A different approach would not dissolve the army or armies and, after careful screening, would demobilize only those soldiers whose re-integration in civilian society is reasonably assured. The others, and that may be one in two or even more, would remain in the barracks as part of the army under a corps of officers pruned of all dangerous elements. Arms and munitions would be collected and either destroyed or put under the control of an occupying military force, if there is one. Some of the soldiers and officers, again after careful screening, could later become part of the new government’s new army. In the interim, all of these officers and soldiers could fulfil numerous productive tasks, including clearing of land mines and unexploded ordnance, clearing rubble, sewage and irrigation ditches and canals, repairing roads and simple structures, improving refugee camps and other temporary facilities, etc. They would be demobilized as and when they find civilian employment. In the mean time, they would be housed, fed, clothed, medically treated and would receive a small remuneration in cash. The whole operation would probably need some supervision by members of an occupying military force. It would also need funding from donors.
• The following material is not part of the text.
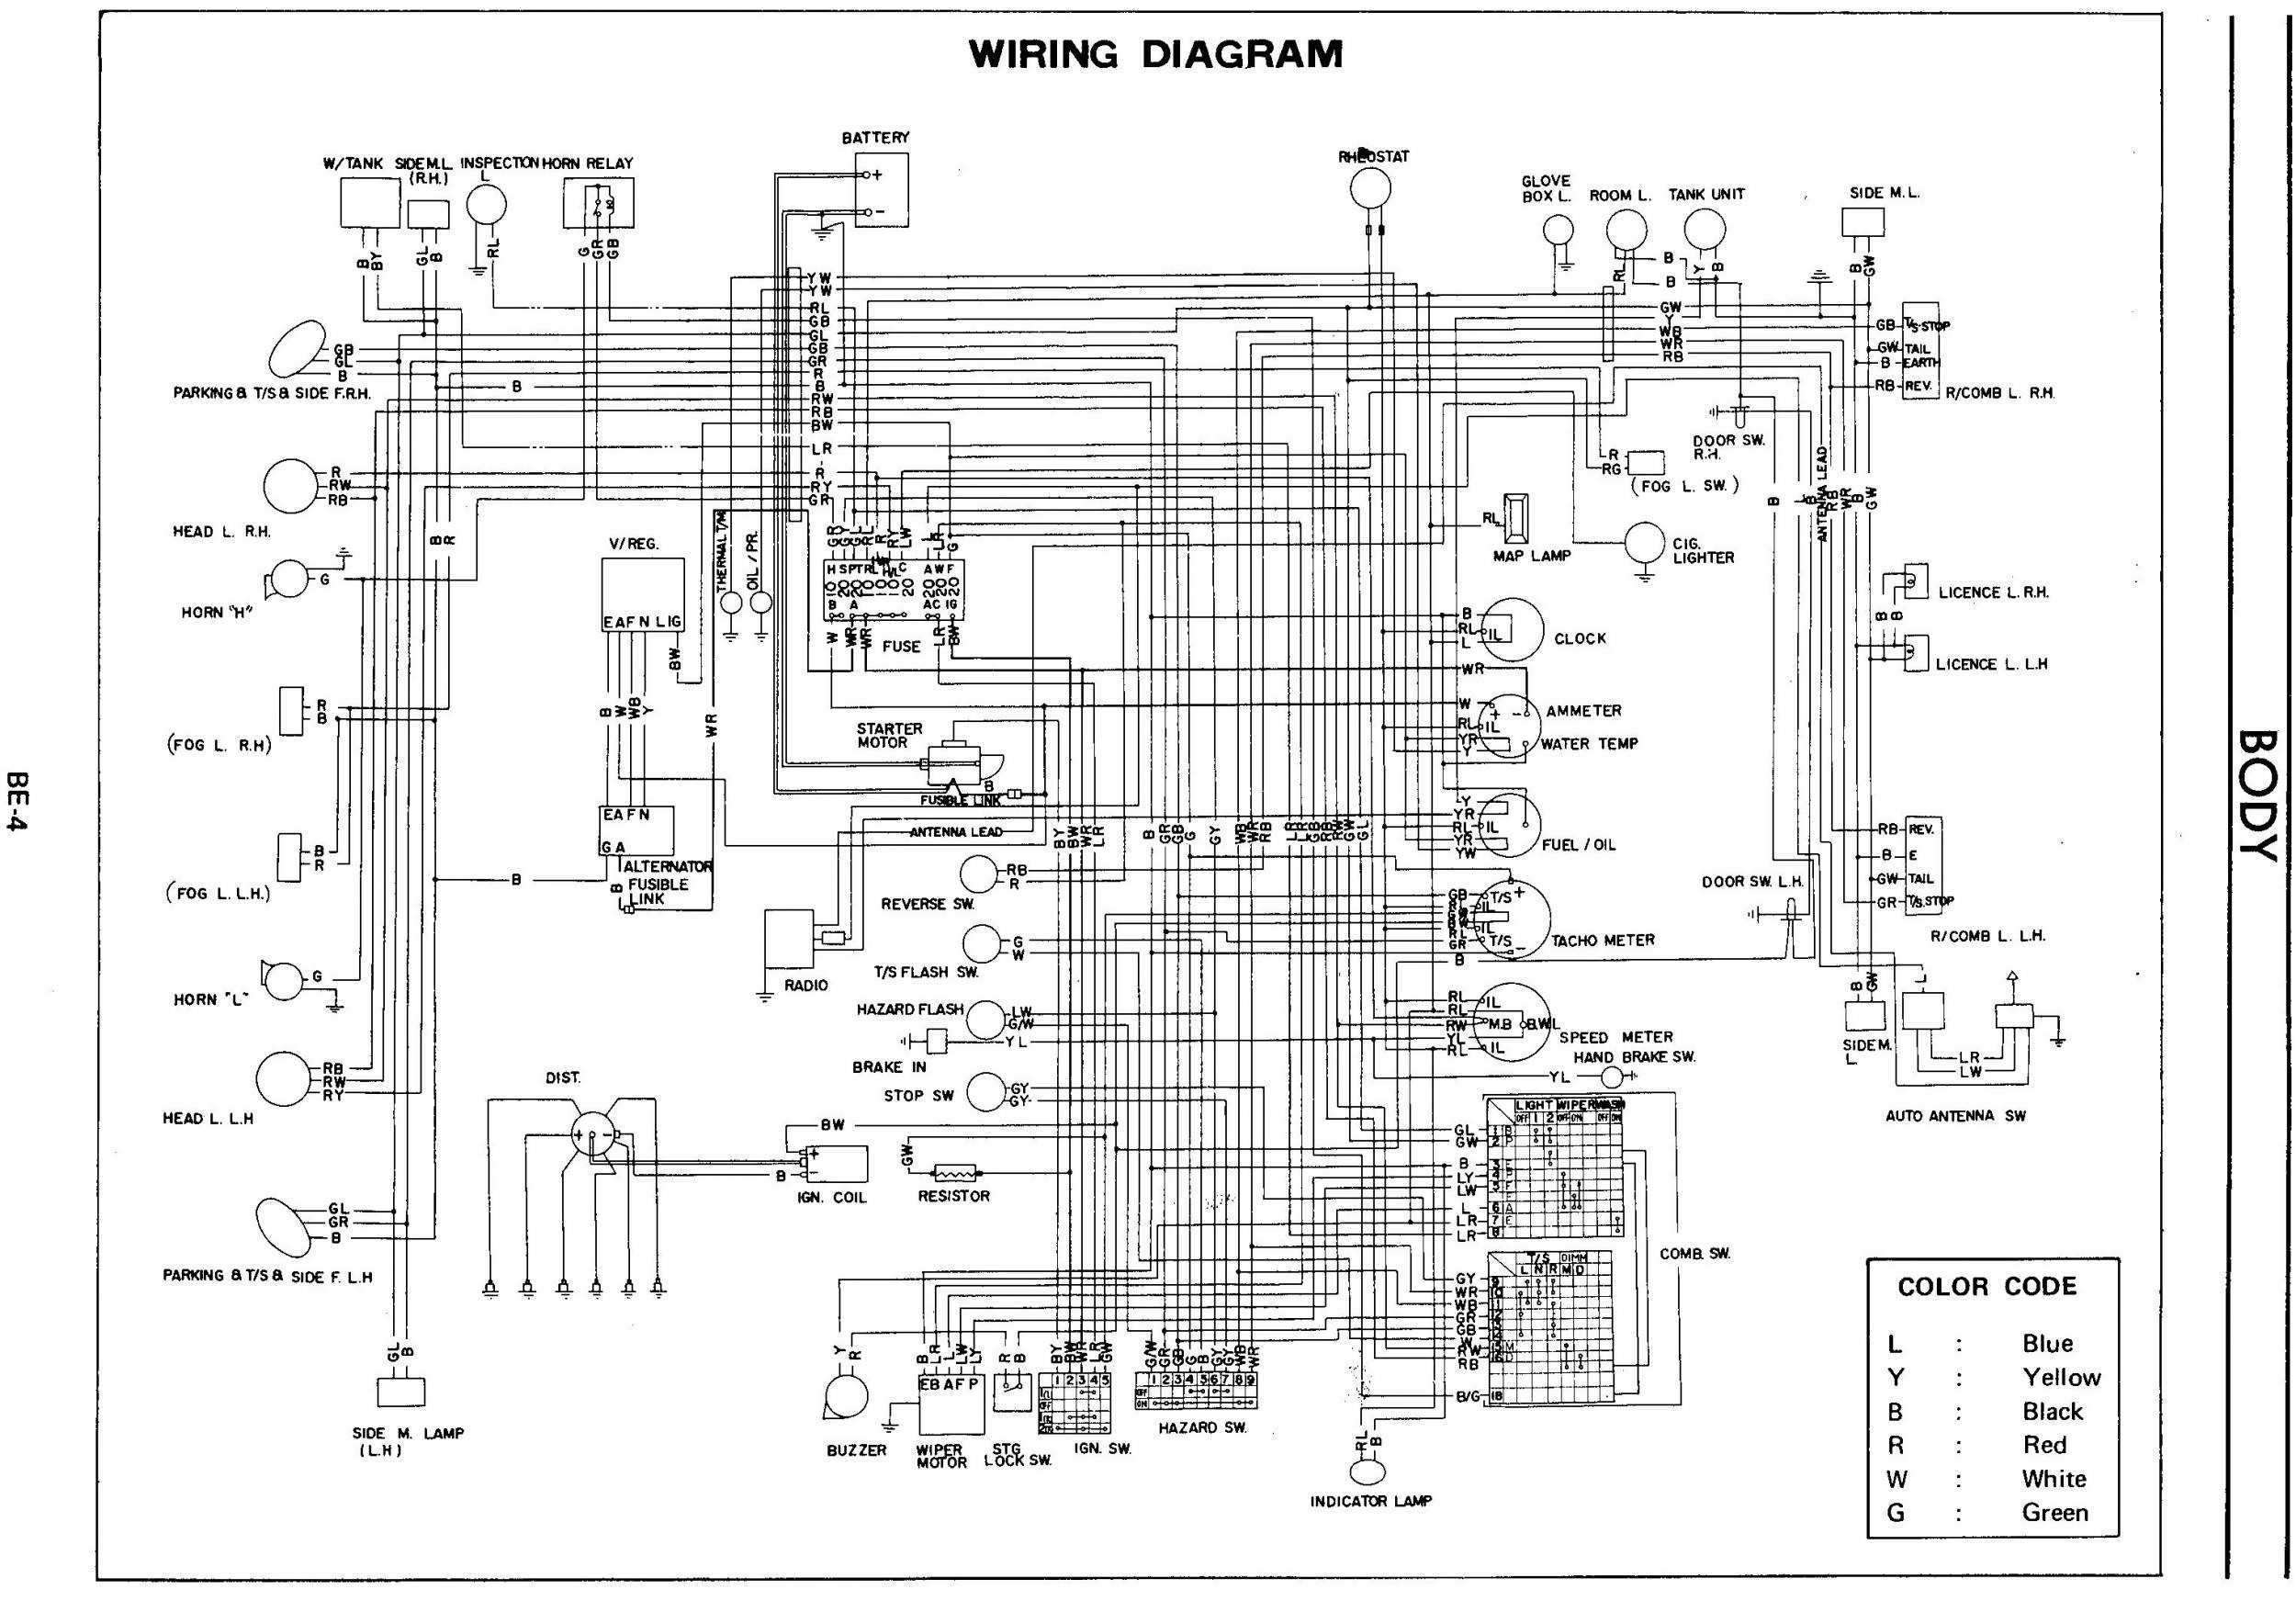 mercedes benz sprinter wiring diagram coleman gas furnace pdf sample

The unfortunate conclusion is that foreign intervention for peacekeeping purposes will have to remain for the foreseeable future a regular feature of international affairs. Use of martial law may be needed to prevent gang warfare, looting and other forms of violence. Those of us who prefer multilateral solutions of international problems would like to see the United Nations adequately equipped to deal with such a task, both in terms of its mandate, authorising the use of force when required for peacekeeping, and in terms of resources. Logic calls for the establishment of a permanent peacekeeping force under U.N. auspices, to deal with both, military and civilian requirements.